15 Nisan 2014 Salı

BAHAR ÇARPMASI,


Sabahları kızımı okula bıraktıktan sonra parka gidip yürüyüş yapıyorum. Hem sabahın mis gibi havasını soluyor, hem de yeşillikler içerisinde güne güzel başlıyorum.
Bu sabah da kızımı okula bıraktım arabayla parka doğru gidiyorum, önümden geçen arabanın arka camı açıldı. 9-10 yaşlarında bir kız çocuğu elindeki peçeteleri dışarıya fırlattı. Son model bir araba, içinde Ray-Ban gözlüklü baba, kolej kıyafetli çocuk, peçeteler sokağa...
Para hiç bir görgüsüzlüğü kapatamıyor diye düşünürken sokağın sonundaki müstakil evin önünde haftanın en az 3 günü gördüğüm şeyi görüyorum. Şoför evin sahibinin arabalarını yıkıyor, yol su içinde. İki araba pırıl pırıl. Patron obsesif galiba diyerek geçiştirilecek bir durum değil, susuz bir yaz geçirme ihtimalimiz bu kadar yüksekken su israfına kayıtsız kalmamak gerek de Belediyeye şikayet mi etsem? Arabaların sahibi  "Faturasını ödüyorum size ne" derse yine de kamuya zarar veriyor diye yaptırım uygulanabilir mi?
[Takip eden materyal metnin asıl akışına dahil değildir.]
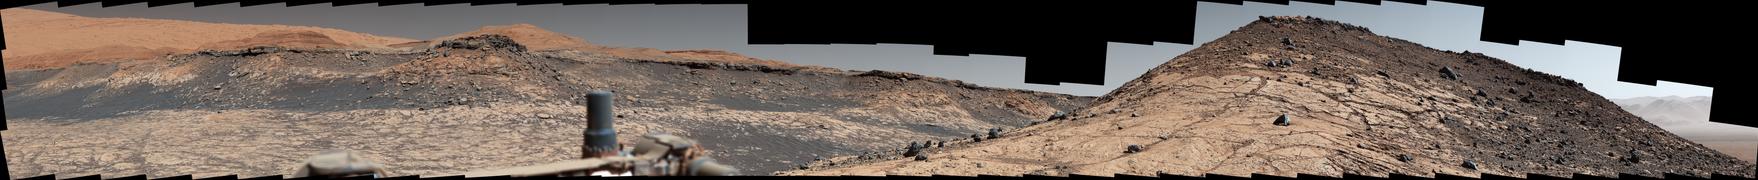 PIA23971-MarsCuriosityRover-Landscape-20200803.png

Yoluma devam ediyorum ama hafiften gerilmiş durumdayım. Bir kaç sokak ötede ilköğretim okuluna çocuklarını bırakan veliler yolu tamamen tıkamış durumdalar. Okul kapısına en yakın yere park etme telaşıyla olmayacak yerlere arabalarını çekiyorlar. Klakson seslerine bakılırsa düğün konvoyu veya seçim arabaları zannedebilirsiniz. Herkes sinirli, biri arabanın camını açmış: Sana ehliyet verene mi kızayım araba alana mı?" diyerek bir kadın şoföre bağırıyor. Kadın hiç oralı değil, hem telefonla konuşuyor hem de park etmeye çalışıyor. Güç bela aralarından geçip yürüyüş yapacağım park yerine ulaşıyorum. Daha önce yazmıştım burası içinde yapay gölü bulunan kocaman bir park. Bir kilometrelik yürüyüş parkuru ve ağaçlar, yeşiller  arasında yollar var. Yürüyüş parkurunda hızlı hızlı yürüyen insanlar olduğu gibi sırf muhabbet etmek için gelen guruplar da var. 
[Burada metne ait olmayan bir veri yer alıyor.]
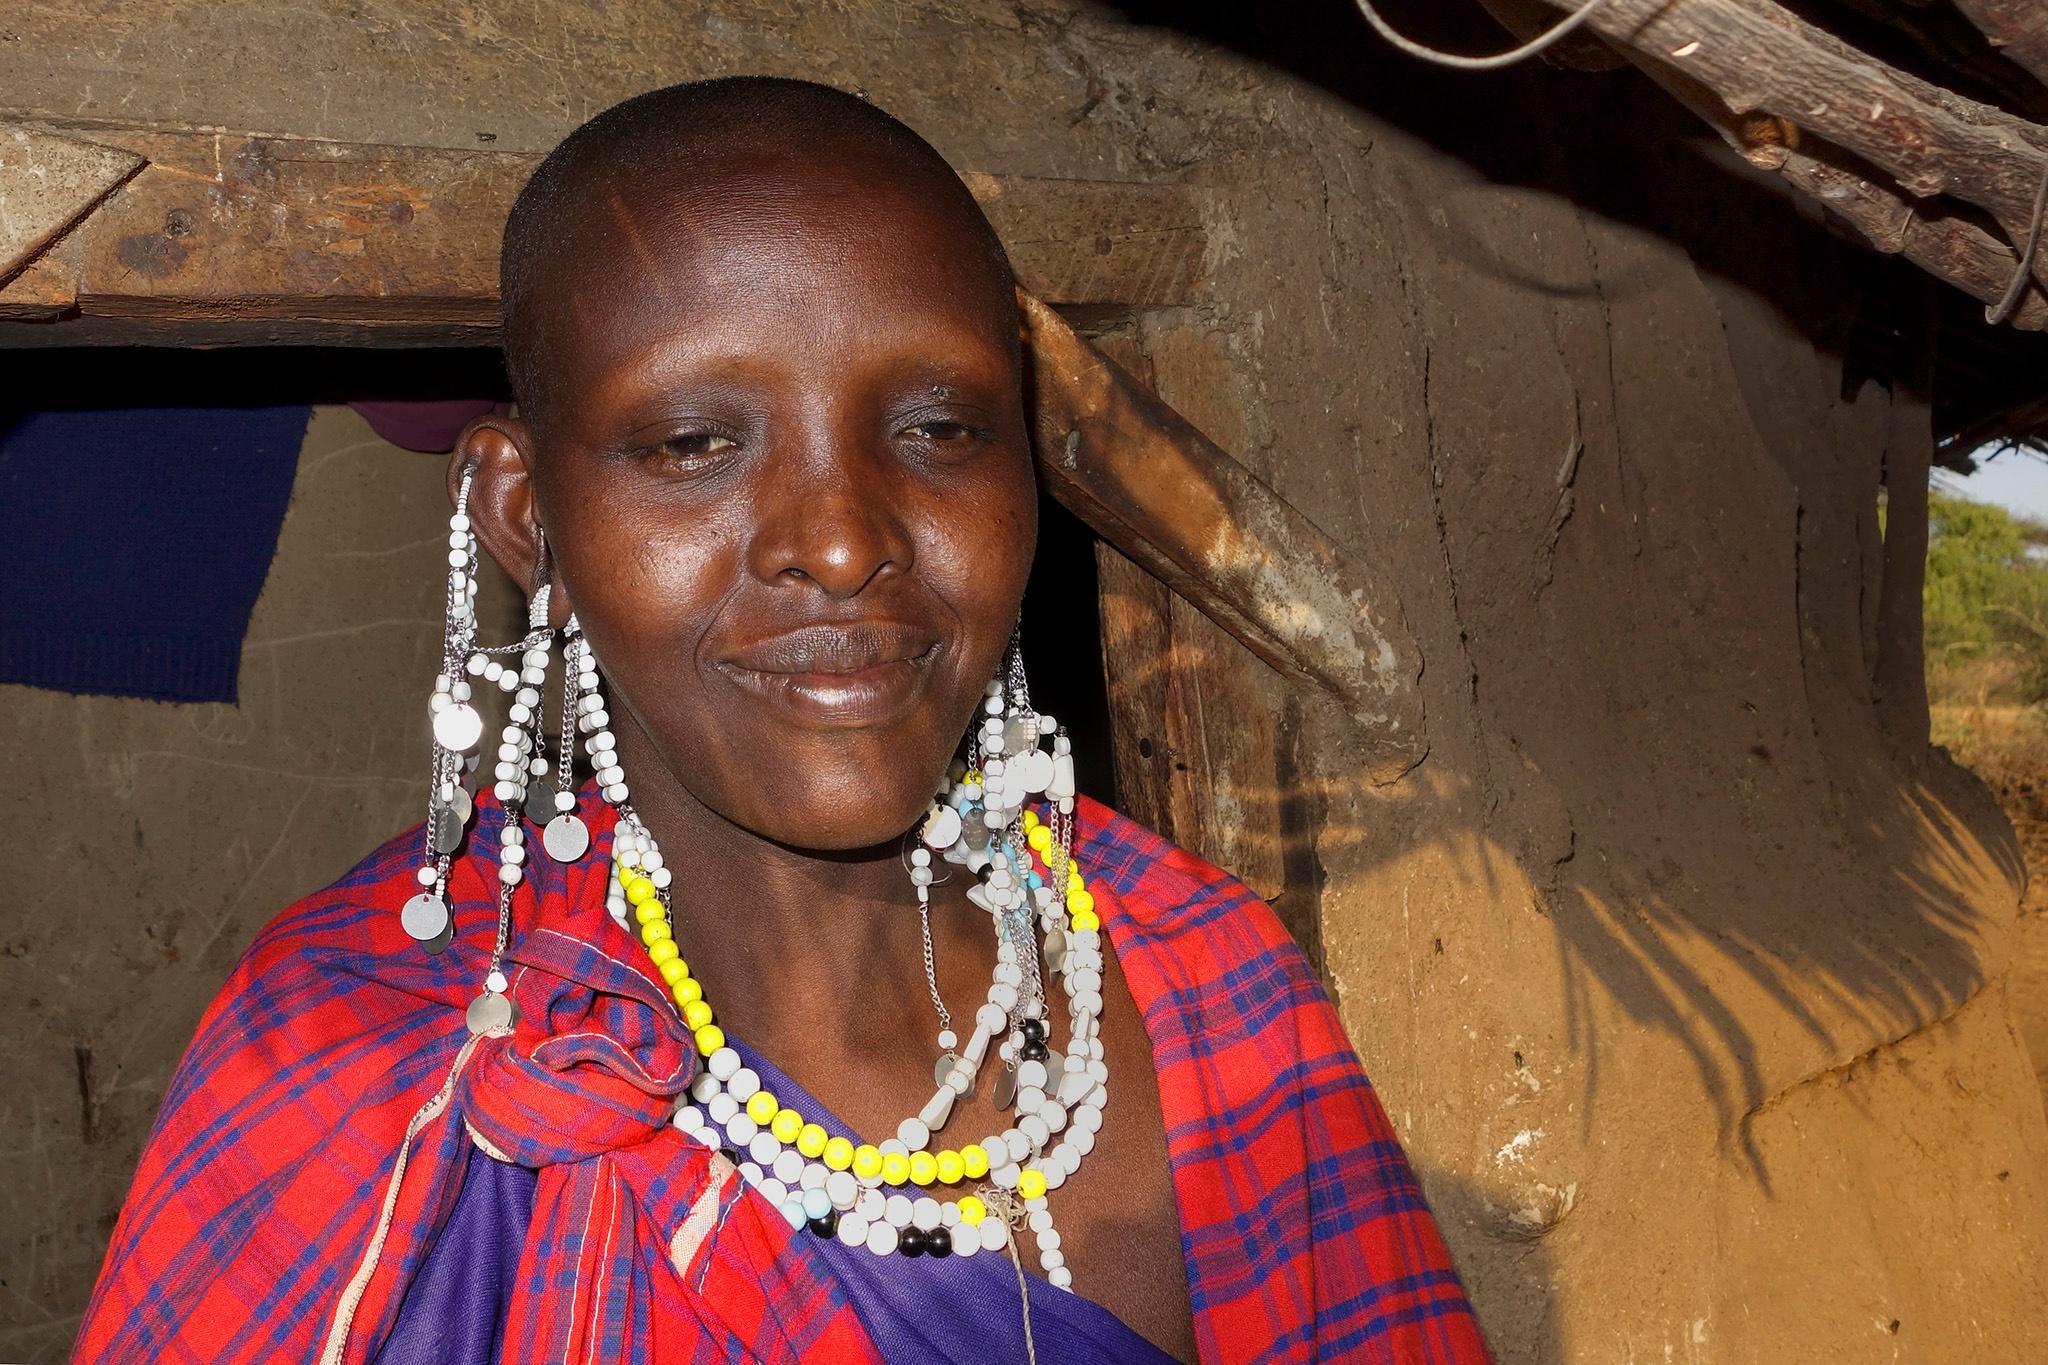 Maasai by Markus Scholz

Kalabalığa girmemek için parkın içindeki toprak yolda yürüyorum. Kafamı boşaltmak güne iyi başlamak niyetim; etrafa sadece bakmak, bir şey görmemek. 
Ördekler gölü bırakmış otların arasında dolaşıyor, doğa bütün renklerini göstereceği mevsime cömert davranmış. Laleler, Menekşeler, Yıldız Çiçeği, Gardenya...
Ağaçlarda yeşilin bin bir tonu, hatta kırmızı, pembe, mor çiçekli  ağaçlar; Kiraz çiçekleri, Erguvanlar..
Mutluluk, hüzün, karışık bir sürü duygu.. 
Bahardandır...

Zamanın nasıl  geçtiğini anlamıyorum bile. Arabama doğru yöneliyorum. Sabahki olumsuzluklar kaybolup gidiyor içimden ta ki dönüşte markete uğrayana kadar. 
Market kapısına yakın yerlerdeki otopark alanı engelli sürücüler için ayrılmış ama hepsi kafadan engelliler tarafından doldurulmuş. 
Kıbrıs'ta otoparkta görüp resmini çektiğim bir tabela aklıma geliyor.
...

3 yorum:

Uyuşuk Hayalperest dedi ki...

Resimler harika..
Dedikleriniz bir o kadar doğru.
Ve..
yeni görünüm güzel olmuş. Biraz geç açılıyor olsada. :)

selma dedi ki...

Teşekkür ederim :)
Bende de geç açılıyor ama bilgisayarımdan olduğunu düşünmüştüm. ):

eymenerdogan dedi ki...

Geçtiğimiz kış, kar yağdığı zamanlarda, Tophane otobüs durağının önüne Saint Benoit lisesinin servis arabaları park ediyor ve otobüs durağa yanaşamadığı için halk, otobüse binemiyordu. Polise şikayet ettim. 10 Dakika sonra servisler o noktada yoktu. Geçtiğimiz pazar günü de Tophane'den Karaköy'e giden yolda trafik olduğunu gören taksi şöförü, camı açık olduğu halde ağza alınmayacak küfürler eşliğinde tramvay yoluna girip son sürat ileri doğru gitti. Acele ile plakasını okuyup gereken yerlere şikayet ettim.
Selma teyze, bence siz de gereken şeyleri gerekli yerlere şikayet edin. Çünkü onlar biz şikayet etmediğimiz için sokakta araba yıkayabiliyor, tramvay yolundan gidebiliyor, otobüs durağına araç çekebiliyor, yola peçete atabiliyor. Saygı ve sevgilerimle :)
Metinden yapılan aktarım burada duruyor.